Lionsgate Home Entertainment // R // September 19, 2008
List Price: Unknown [Buy now and save at Anrdoezrs]

Review by Brian Orndorf | posted September 19, 2008 | E-mail the Author
The more Dane Cook craves leading man status and comedy credibility, the more it eludes him.

"My Best Friend's Girl" is Cook's third attempt to turn himself into box office gold, and he's wised up for this effort, luring Kate Hudson and her fan base into the fold for this round of slapstick. However, there could be a supporting turn from Will Smith, gas gift cards under every theater seat, and certified proof who killed JFK revealed only after the end credits and it still wouldn't salvage Cook's remarkable ability to select the worst possible starring vehicles for himself. "Girl" is just another step in the multiplex mangling of Cook's once proud name.

Dustin (Jason Biggs) is a lovesick stooge who pines daily for his ex-girlfriend, Alexis (Kate Hudson). Hoping to win her back, Dustin asks loutish friend Tank (Dane Cook) to take Alexis out on a hideous date to show her how good she had it when she spent time with a nice guy. The plan immediately backfires when Alexis becomes involved with Tank, sending Dustin into a tailspin where he reconsiders his polite attitude towards women. Now stuck with a girlfriend, Tank finds he's falling in love with Alexis, a perfect contradiction to his professional lothario ways. As the two try to preserve a relationship, Dustin grows increasingly disgusted, leading Tank to reconsider his errant ways.

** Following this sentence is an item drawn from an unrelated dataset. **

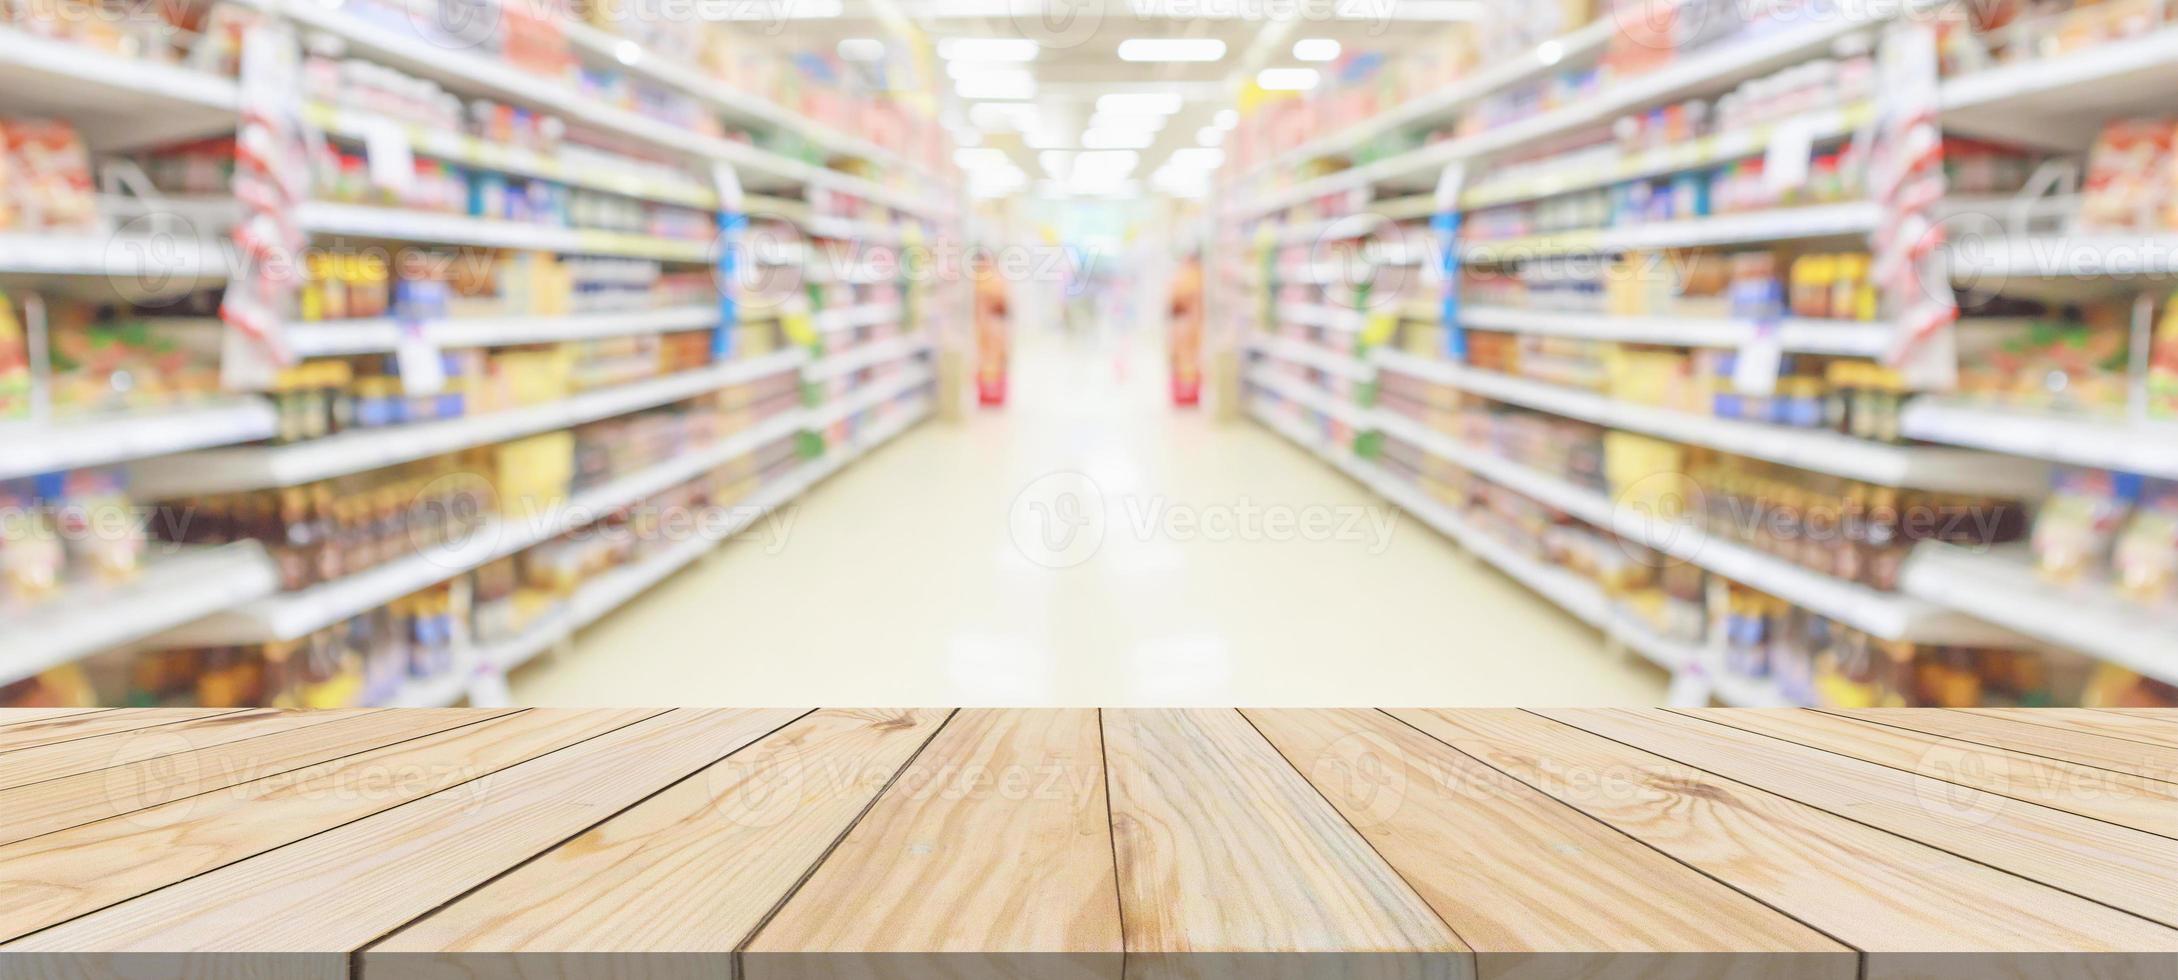 dessus de table en bois avec supermarché épicerie allée intérieur arrière-plan flou avec lumière bokeh pour l'affichage du produit photo
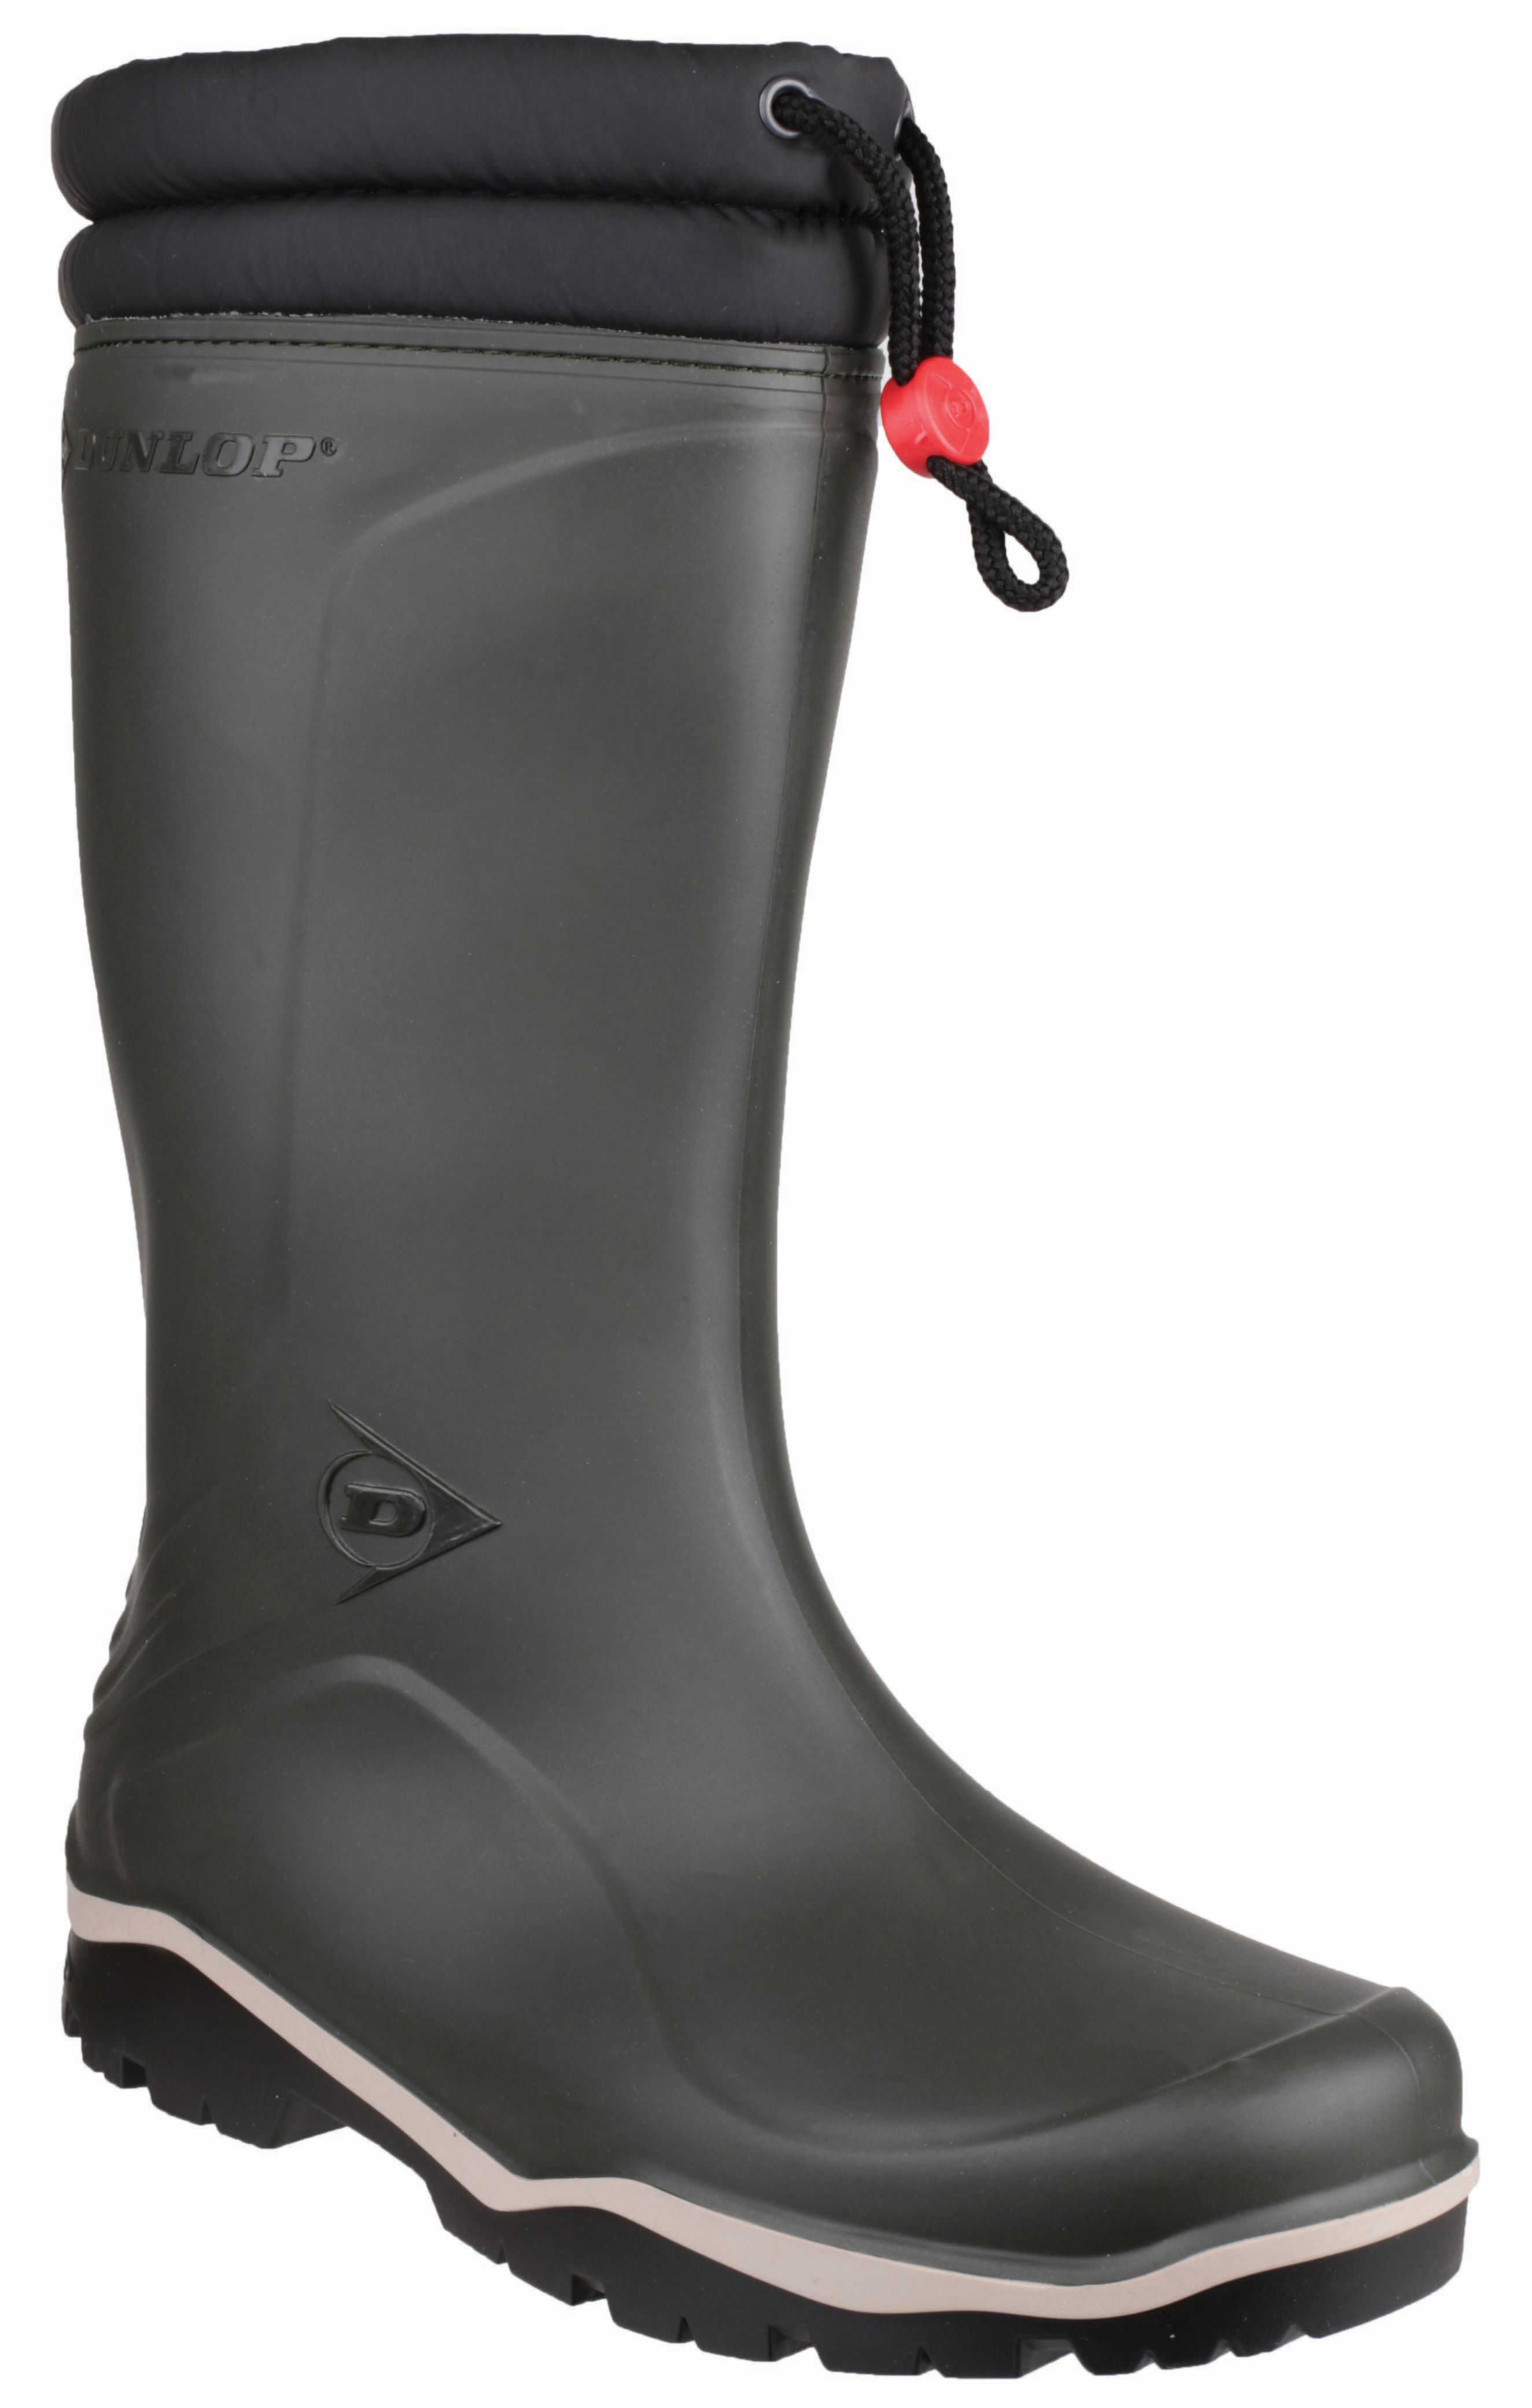 Dunlop Blizzard Winter Wellington Boot - Green Size 13

It just isn't enough for Dane Cook to make lousy comedies ("Employee of the Month," "Good Luck Chuck"), the man now has his own formula for failure. The screenplay by Jordan Cahan is programmed to follow the basic Cook rules: introduce obnoxious bastard, challenge obnoxious bastard, and have obnoxious bastard redeemed. It's a template followed to the letter in "Girl," a terrifically awful comedy that doesn't even desire to be funny after introductions are made. The picture depends completely on Cook's whiplash way with a punchline, and if that's the only thing propping up the jokes, the audience might as well pack up and head back home after the opening titles.

Controversial statement coming: Cook can be hilarious. There, I said it. I'm simply mystified with his big screen acting selections. "Girl" is an unimaginative, careless romantic comedy that prides itself on vulgarity and sincerity, mixing the qualities to putrid results. Cook made up his mind long ago that he wants to be taken seriously as a leading man. "Girl" is a sort of predictable malarkey that kills careers; it's a calculated attempt to woo the men with genital-based humor and tickle women with some romantic jousting. The formula has worked before, but Cahan's script is a simpleminded effort perfect for anyone who's never actually seen a movie before, and who does the production rope in to direct? Howard Deutch, the mastermind behind "Grumpier Old Men," "The Odd Couple II," and "The Whole Ten Yards." Why not let Cook helm this junk himself?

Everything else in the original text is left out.